Scott's update on ANUBIS

"The handcrafted "shoe box" version of boxed minis is a complete success. I've finally figured out the right design! So now, I have a temporary format to work with along the way to completion. And I can exhibit it in a limited sense as I go. I think at this point, having a bit more hindsight, I'm ostensibly not far from the position I was in a little over a year ago with my plan for delaying publication (although, now in possession of a much-needed temporary format for my graphic novel). I really don't think of the boxed sets as a vehicle for publication. It's more a form of printmaking than anything else. It is a temporary format, no more. And I have streamlined my operation to the point that the ANUBIS graphic novel proper is going to be the only creative purpose that I will be tending to from now until the day it is done. There will be no more painting schemes or nebulous down-the-road creative plans between here and the last pages of ANUBIS. I've packed up by ox-hair brushes, canvas and hand tools. My catalog of paintings is stowed away. The future is a blank slate: reserved for ANUBIS. And although I do not know how I will get it digitally adapted, I know that I will somehow get it done, and hopefully be able to self-publish in the conventional sense of the word someday."

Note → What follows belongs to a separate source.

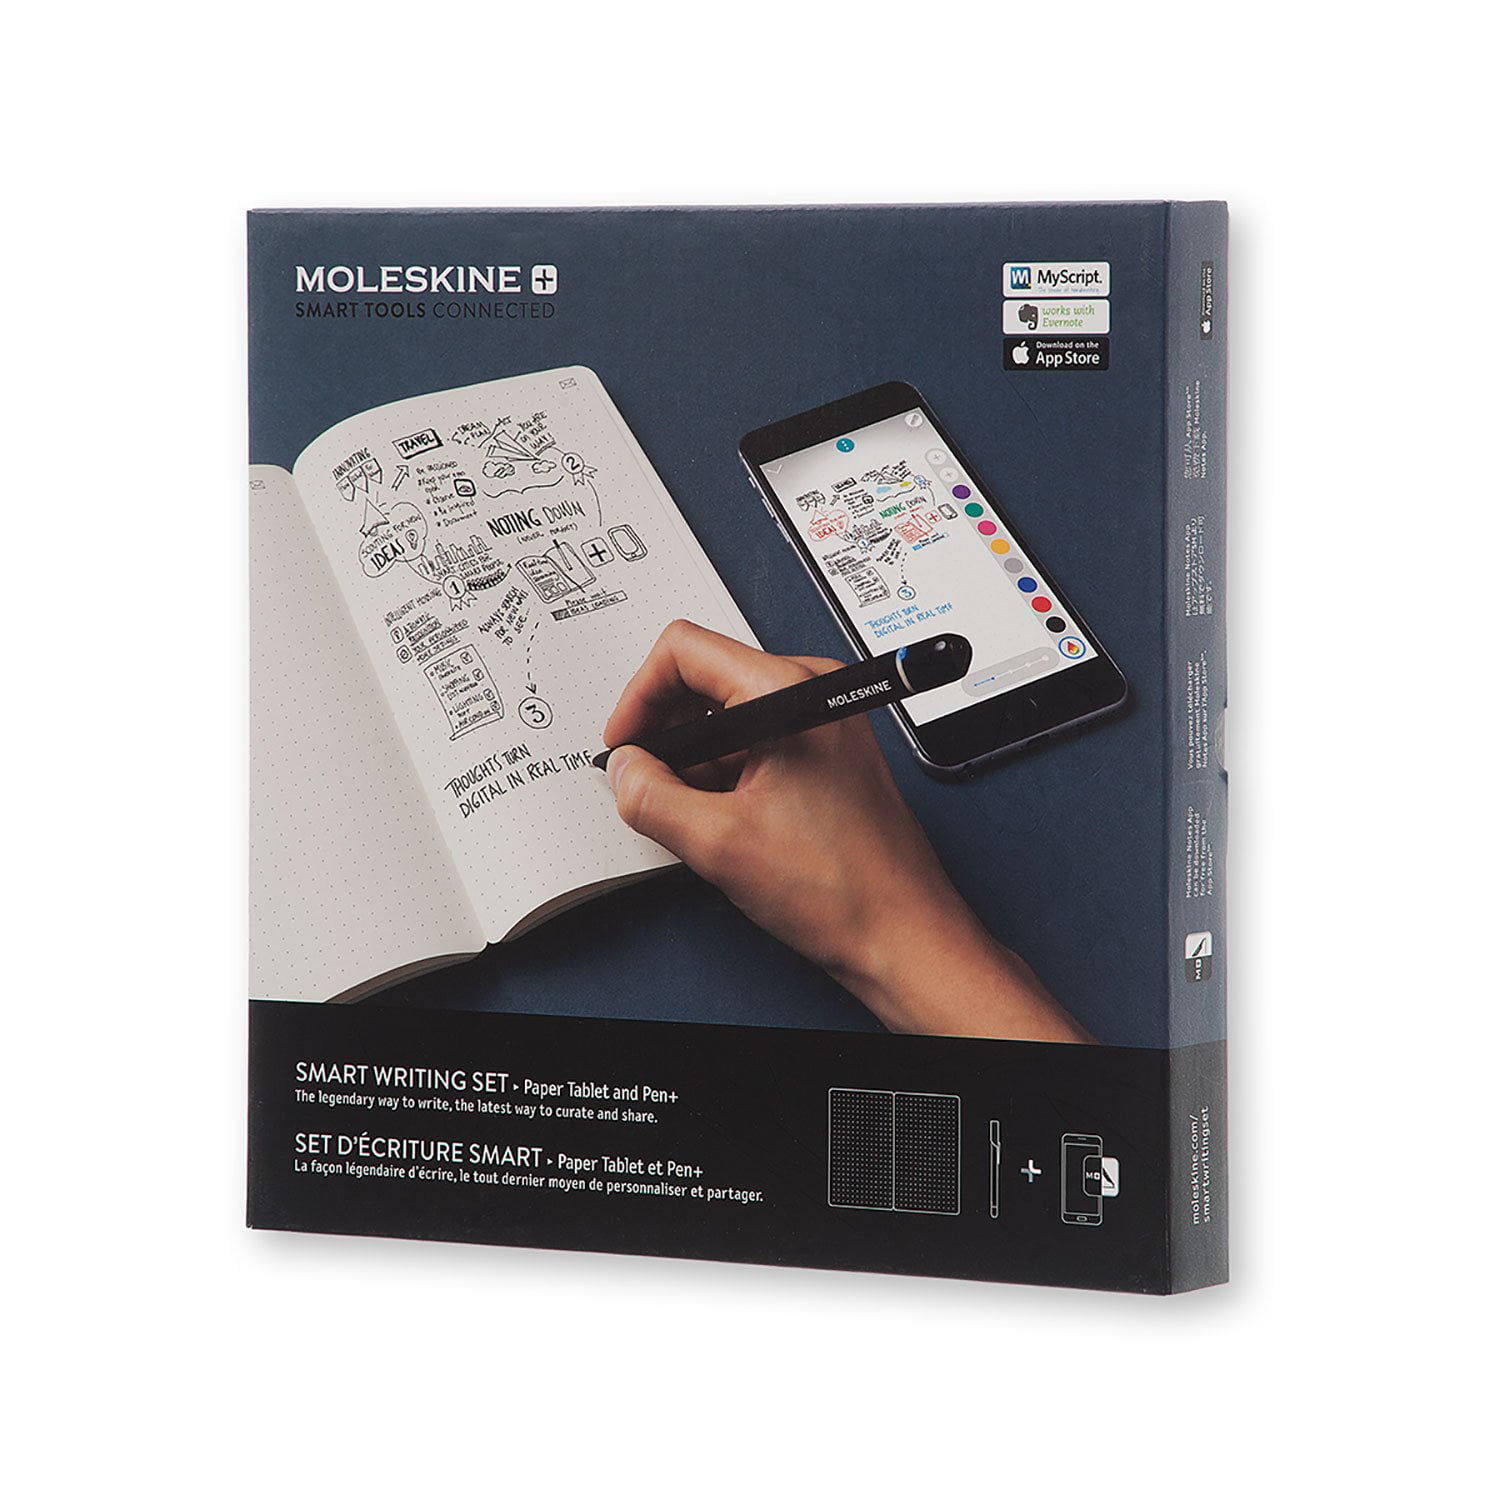 Moleskine smart writing set review: Traditional note-taking with a digital  touch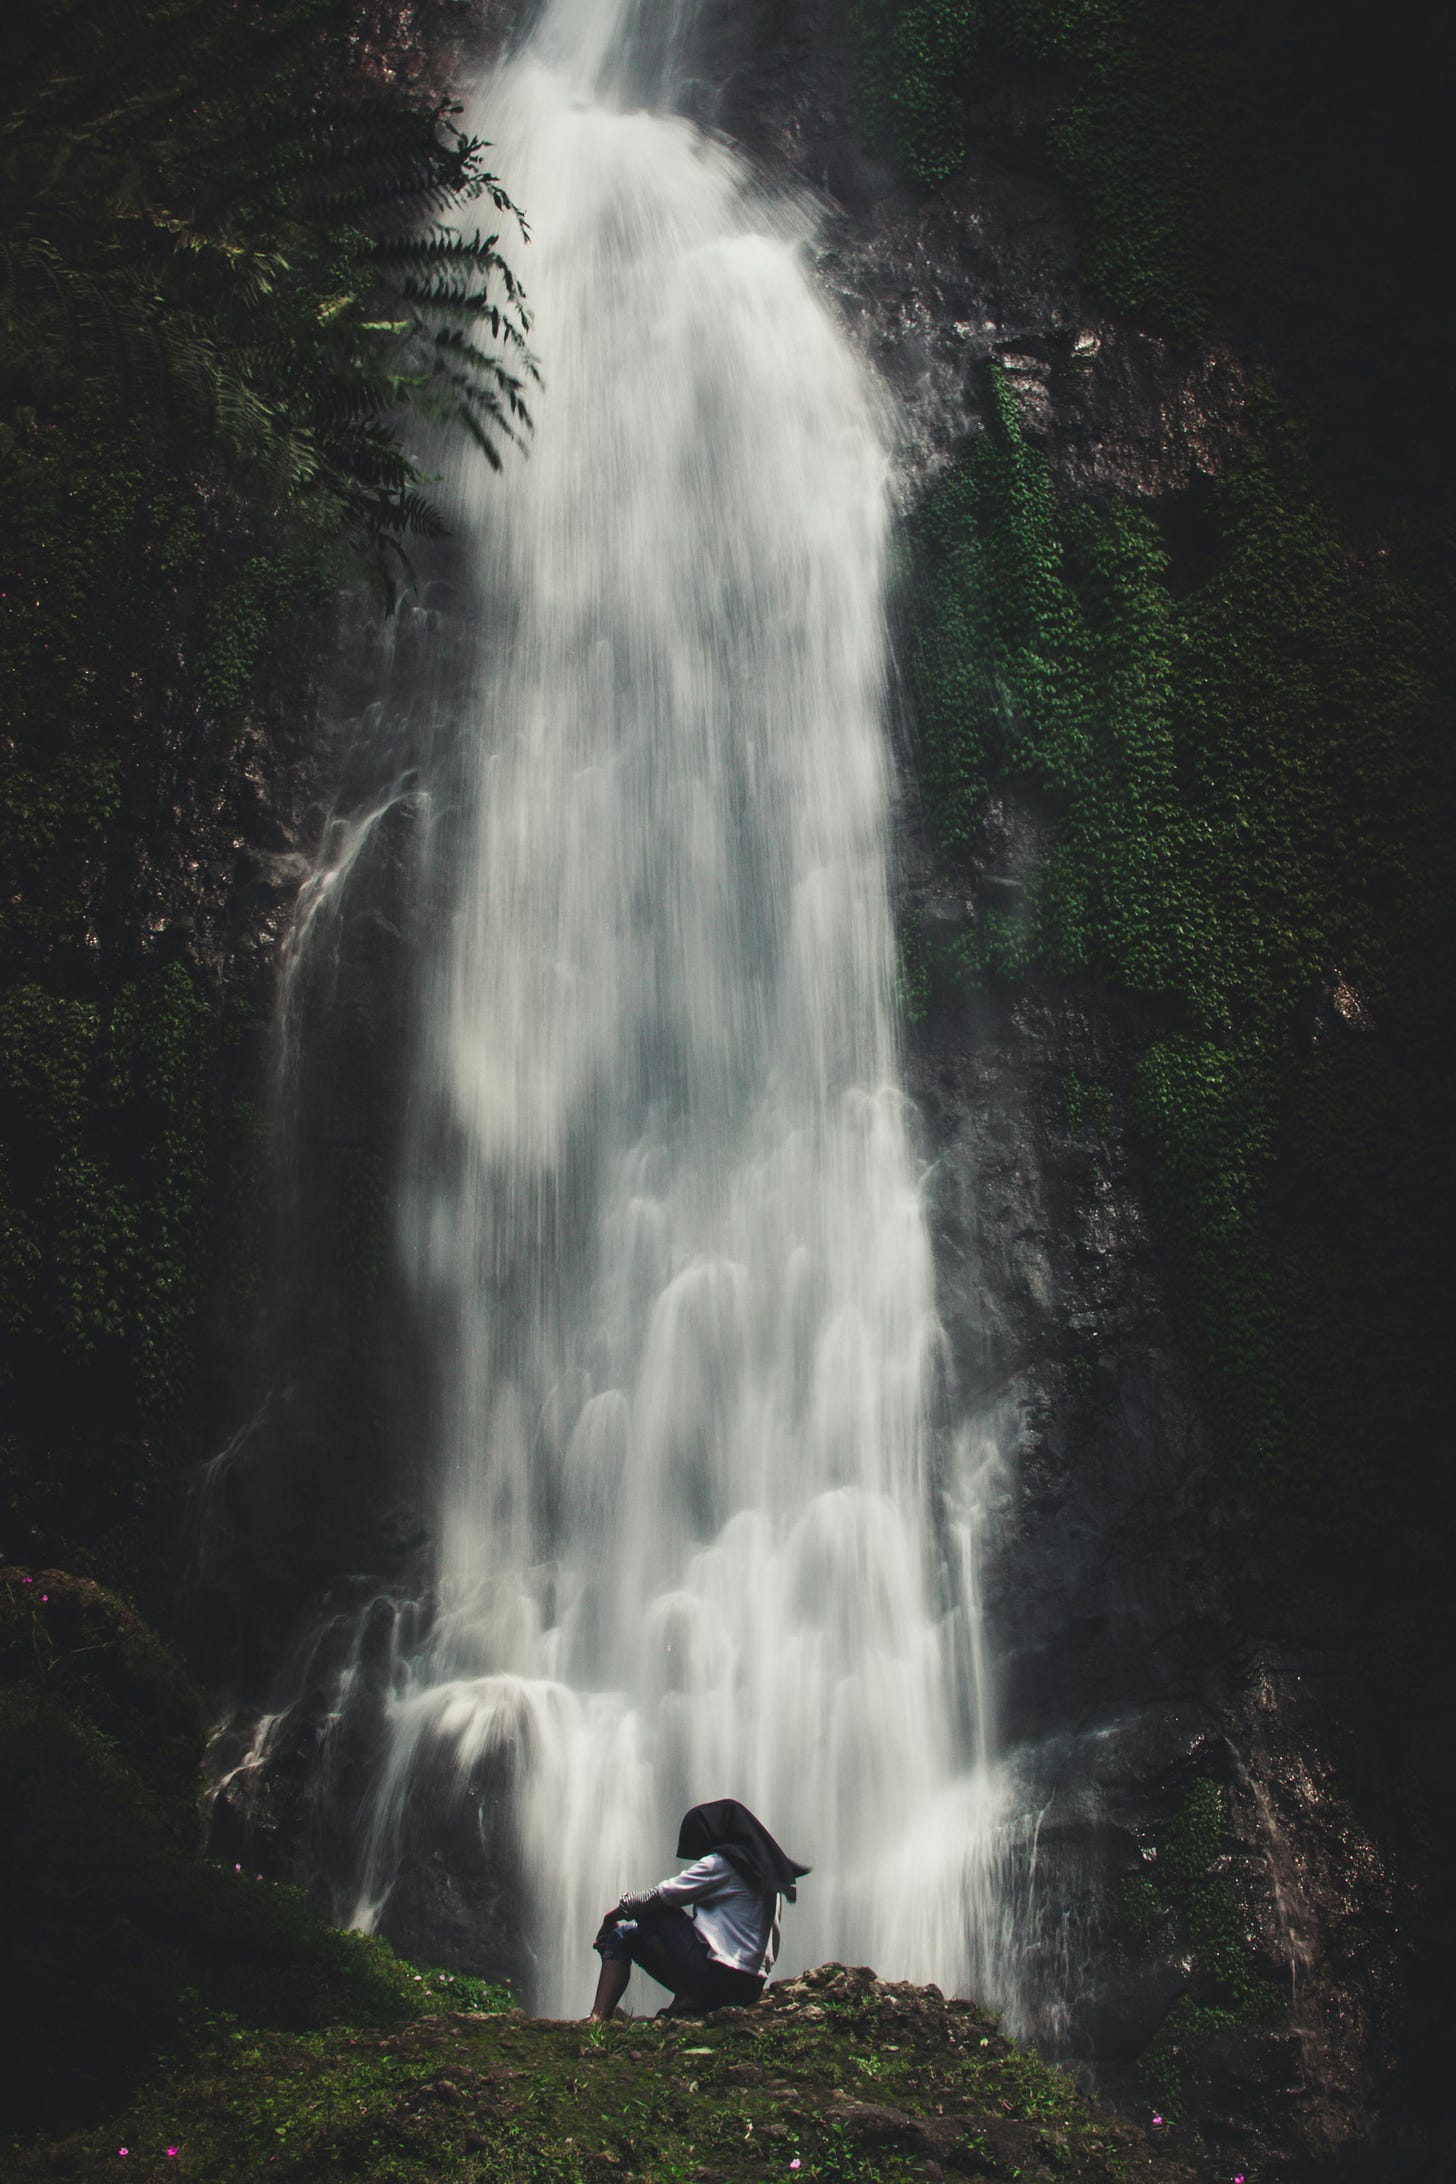 Person sitting at the foot of a large waterfall in a rainforest

A blast from the past from Mr. D.:


"I first met you almost exactly half of my life ago in [deleted] 1993 when you gave a signing at [deleted] (I've always thought it weirdly-timed if not quite synchronistic that I lost my virginity about 5-7 hours before coming into work the day of your signing…an event that only grew more synchronous as sex and women began to play larger thematic roles in your story). I was the `kid worker' at the shop and it was really cool to meet you at the time – you drew some Elrod bunnies and Cerebus trees for me along with a head sketch. You probably remember the manager, [deleted] better than the owner because [deleted] was pretty hip to the radical changes going on in the industry in the early/mid 90s. As I recall, you printed one of his articles concerning the impending distributor consolidation crisis in CEREBUS. I saw [deleted] about a decade ago…married in L.A. – wonder what he's doing now."

Yes, it's really amazing how people come and go in this business. I remember having a lot of discussions with [deleted] through all of the convulsions going on. As it turned out, we were all pretty well informed about what was happening, in what order and for what reason. There just turned out to be nothing we could do about it as individuals when the time came.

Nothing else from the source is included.